The Scale of the AI Bug Flood on the Linux List

Torvalds did not share exact numbers, but his language made the severity clear. He said people on the list now spend all their time forwarding reports to the correct teams or responding with variants of “that was already fixed a week or a month ago.” That time adds up fast. When dozens of researchers run the same large language model or static analysis tool against the same kernel tree, the overlap is enormous.

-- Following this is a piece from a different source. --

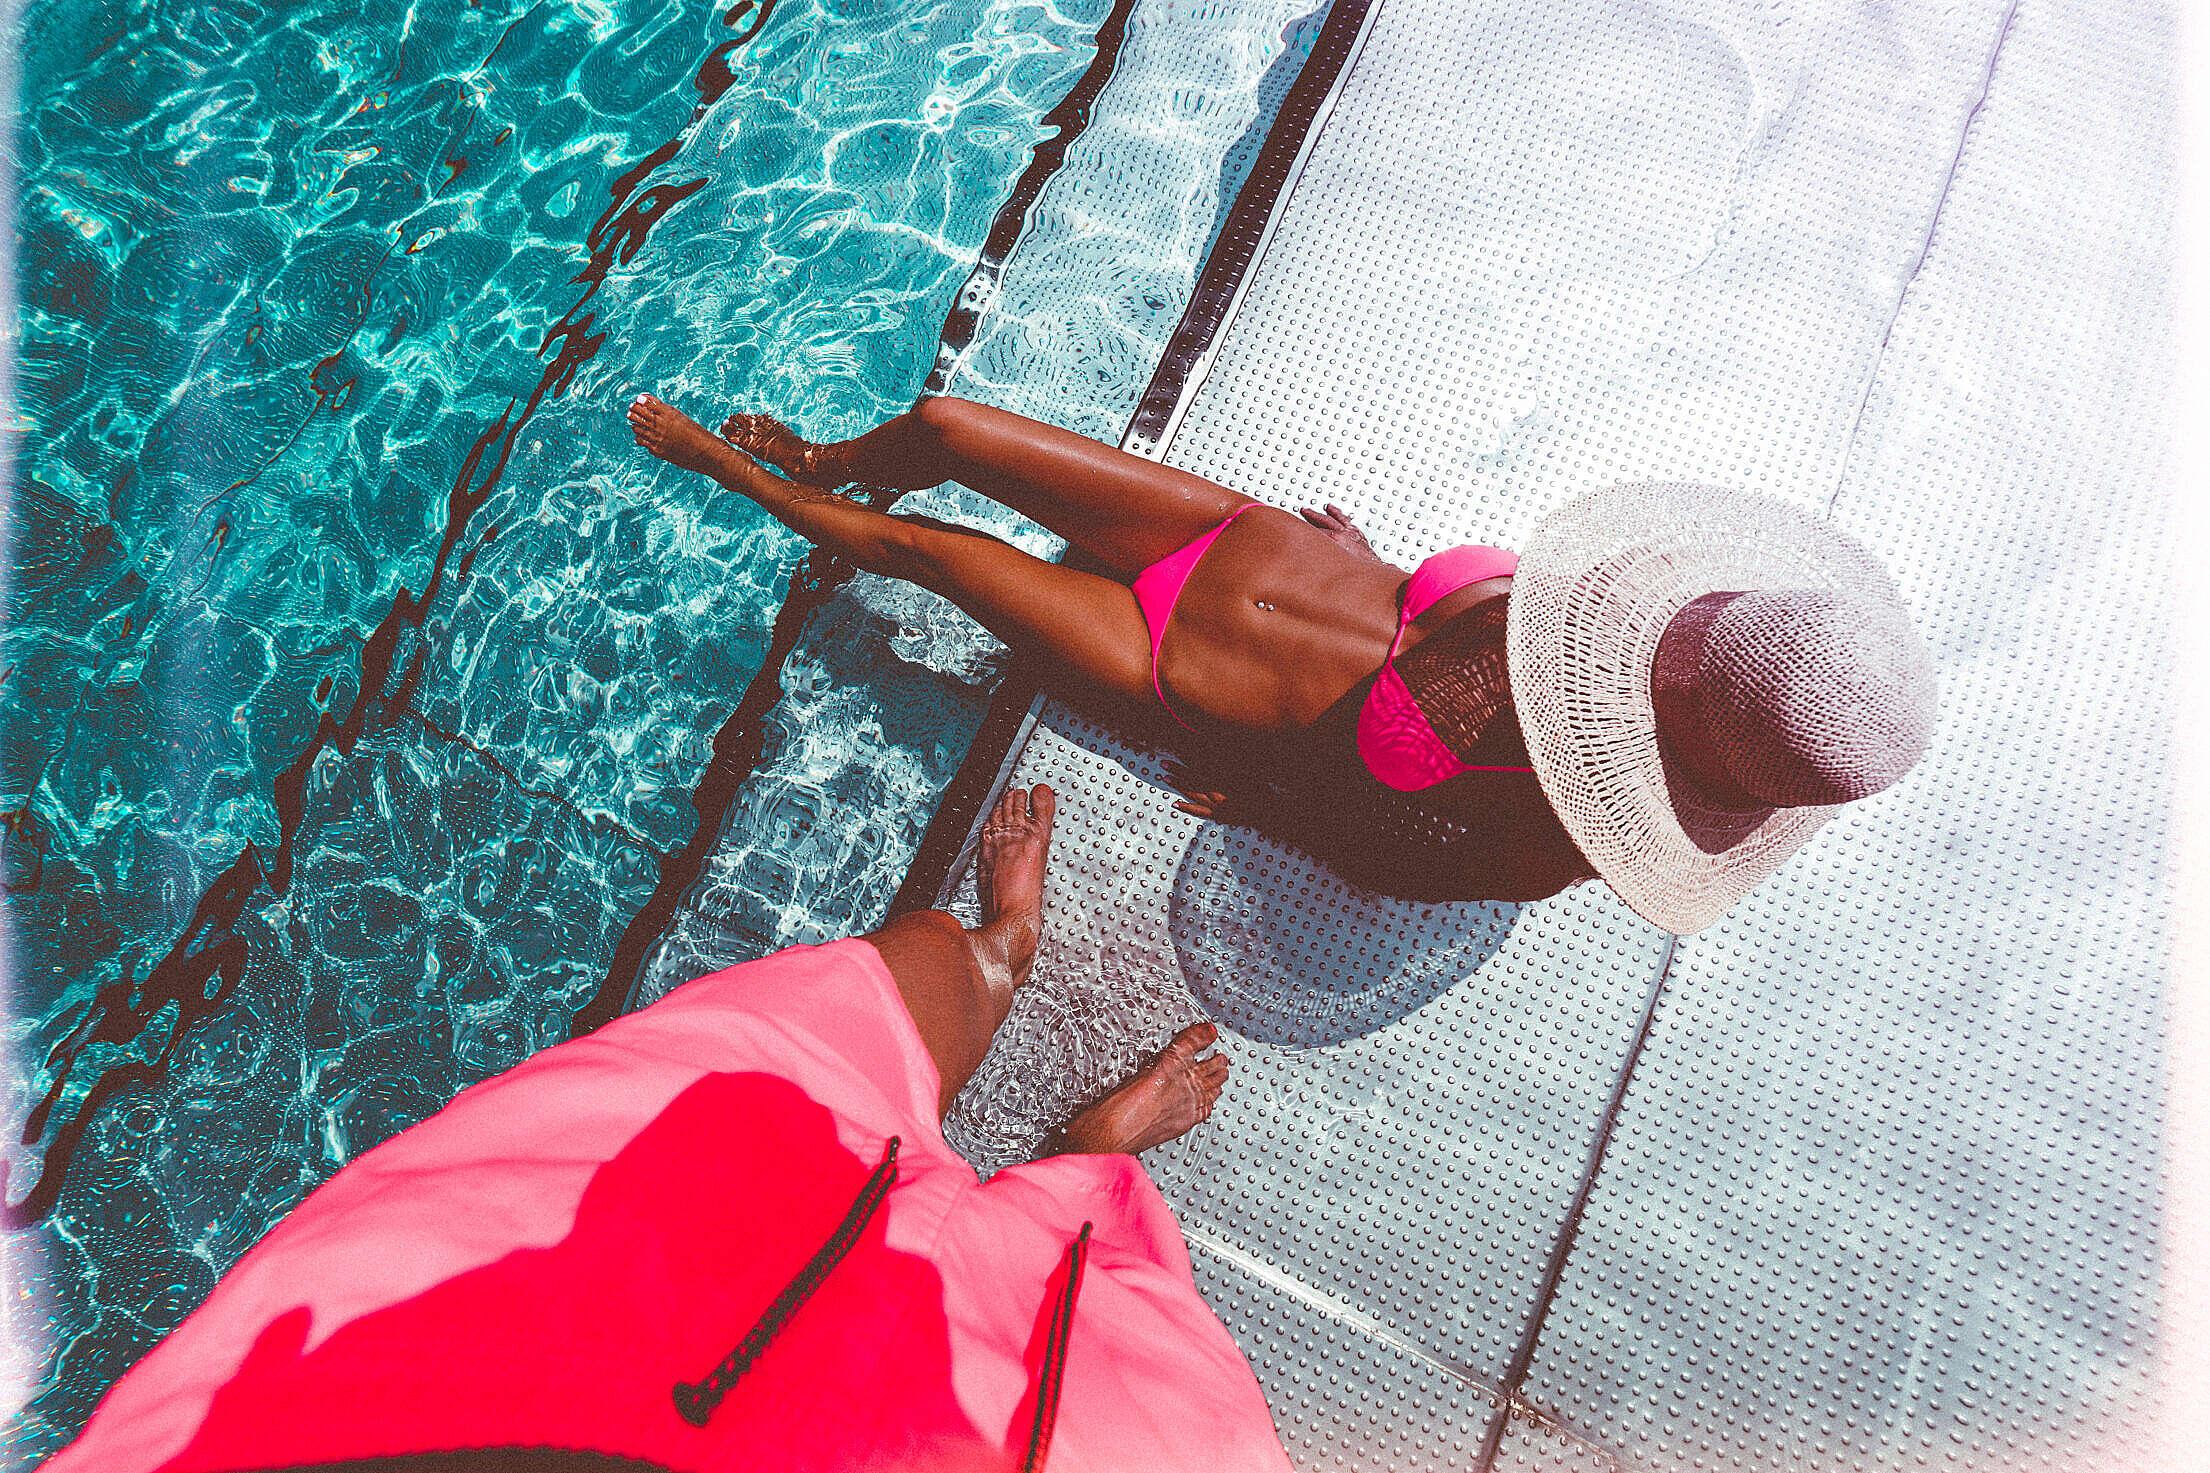 Man Looking at His Sexy Fitness Wife in Bikini Free Stock Photo

The core problem is not that AI tools find bugs. It is that they find the same bugs repeatedly. Each researcher who runs the tool believes they have discovered something new. In reality, the tool has simply reproduced a finding that someone else already submitted a week earlier. This dynamic creates a negative feedback loop. The more people use a given AI tool for kernel scanning, the more duplicate reports arrive. The more duplication there is, the less time maintainers have to review genuinely novel vulnerabilities.

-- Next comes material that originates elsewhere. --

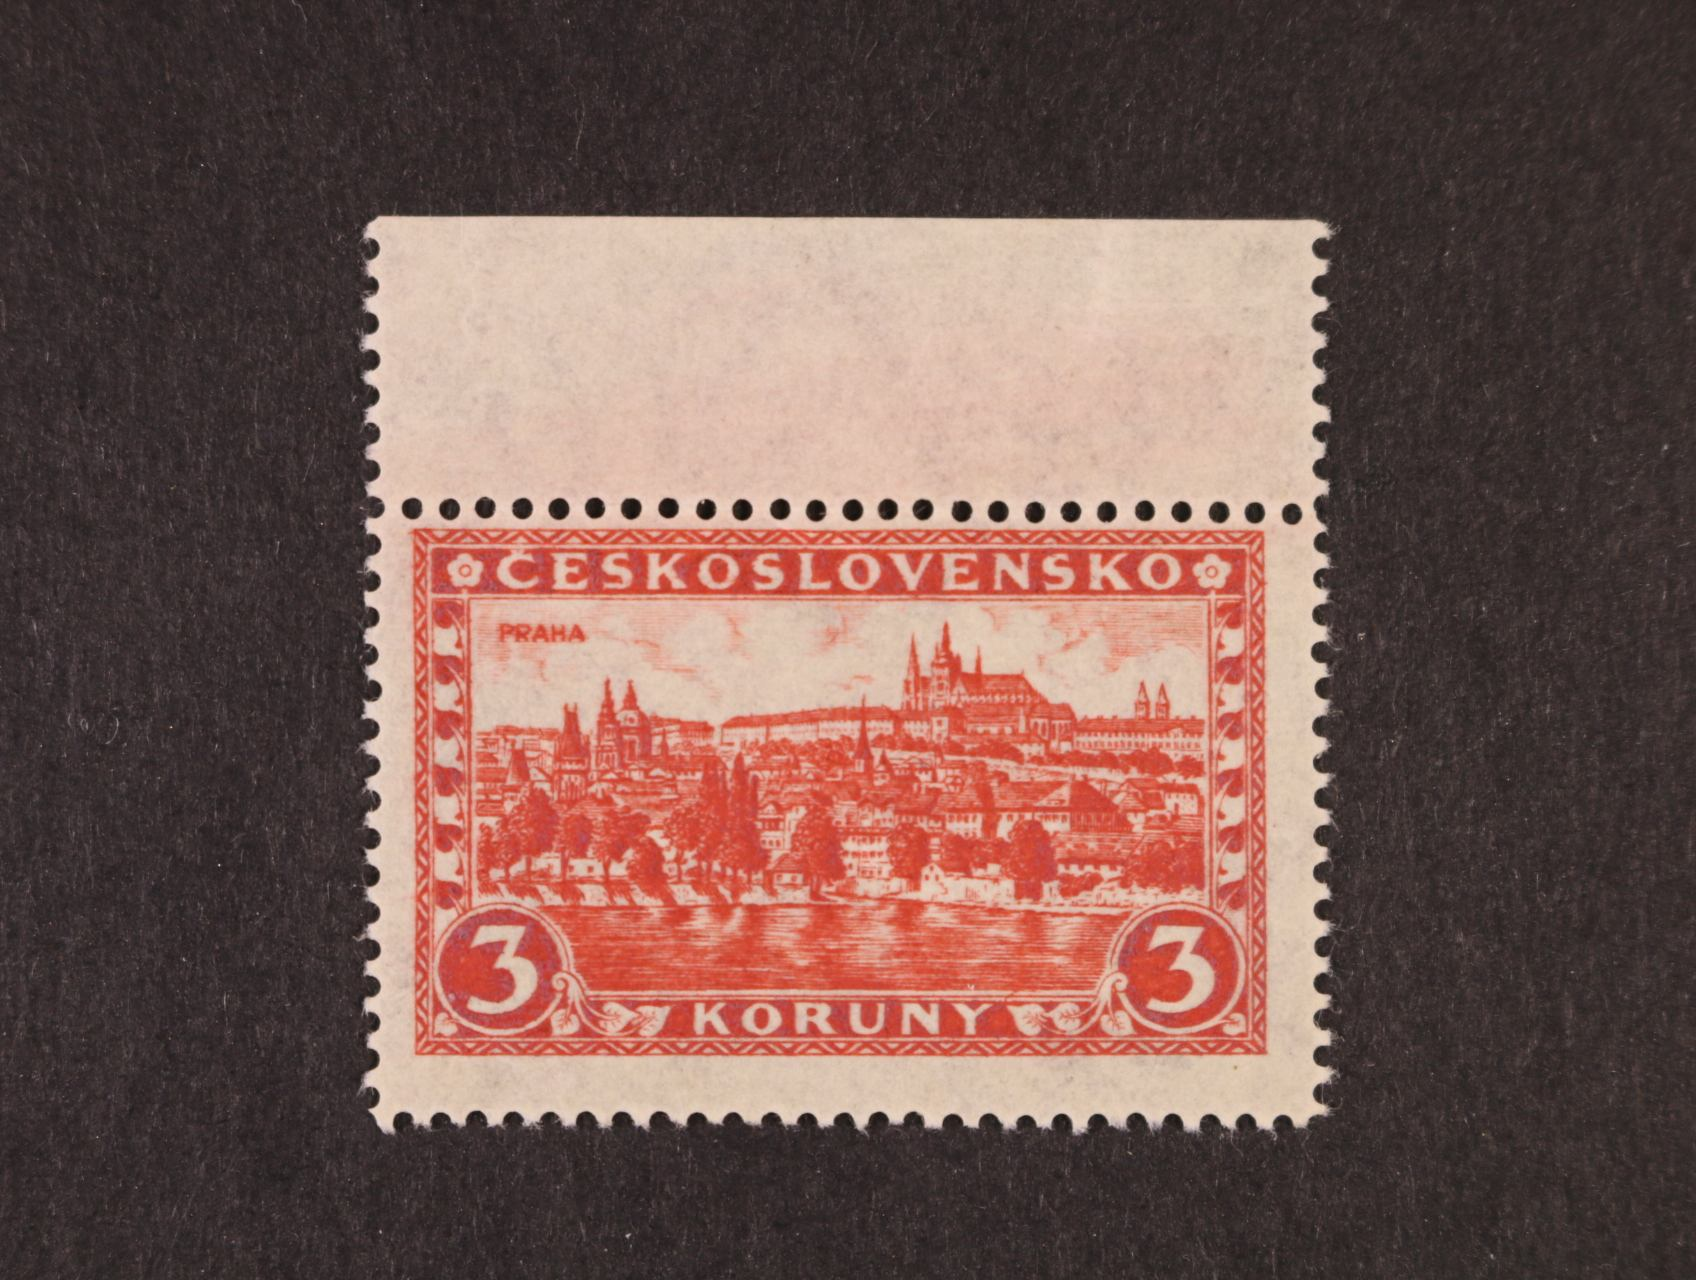 zn. č. 226x pergamen. papír s horním okrajem, pr. 8, zk. Kraus

How the Mailing List Became a Duplicate Repository

The Linux kernel security list was designed for privacy. Researchers send a report, and maintainers discuss it away from public view until a fix is ready. But when AI tools generate the reports, the assumption of privacy breaks down. As Torvalds pointed out, AI-detected bugs are “pretty much by definition not secret.” The tools are public. The code is public. Anyone can run the same scan. Treating such reports on a private list wastes everyone’s time and, ironically, makes the duplication worse because submitters cannot see each other’s work.

Another layer of frustration is that many of these reports arrive without context. A typical AI-generated submission might flag a potential buffer overflow or an out-of-bounds access but offer no proof of exploitability. The reporter often has no deep understanding of the code path involved. That forces a senior maintainer to investigate whether the finding is real, whether it has already been fixed in a newer tree, and whether it warrants a CVE. Multiply that effort by hundreds of reports, and the list becomes unmanageable.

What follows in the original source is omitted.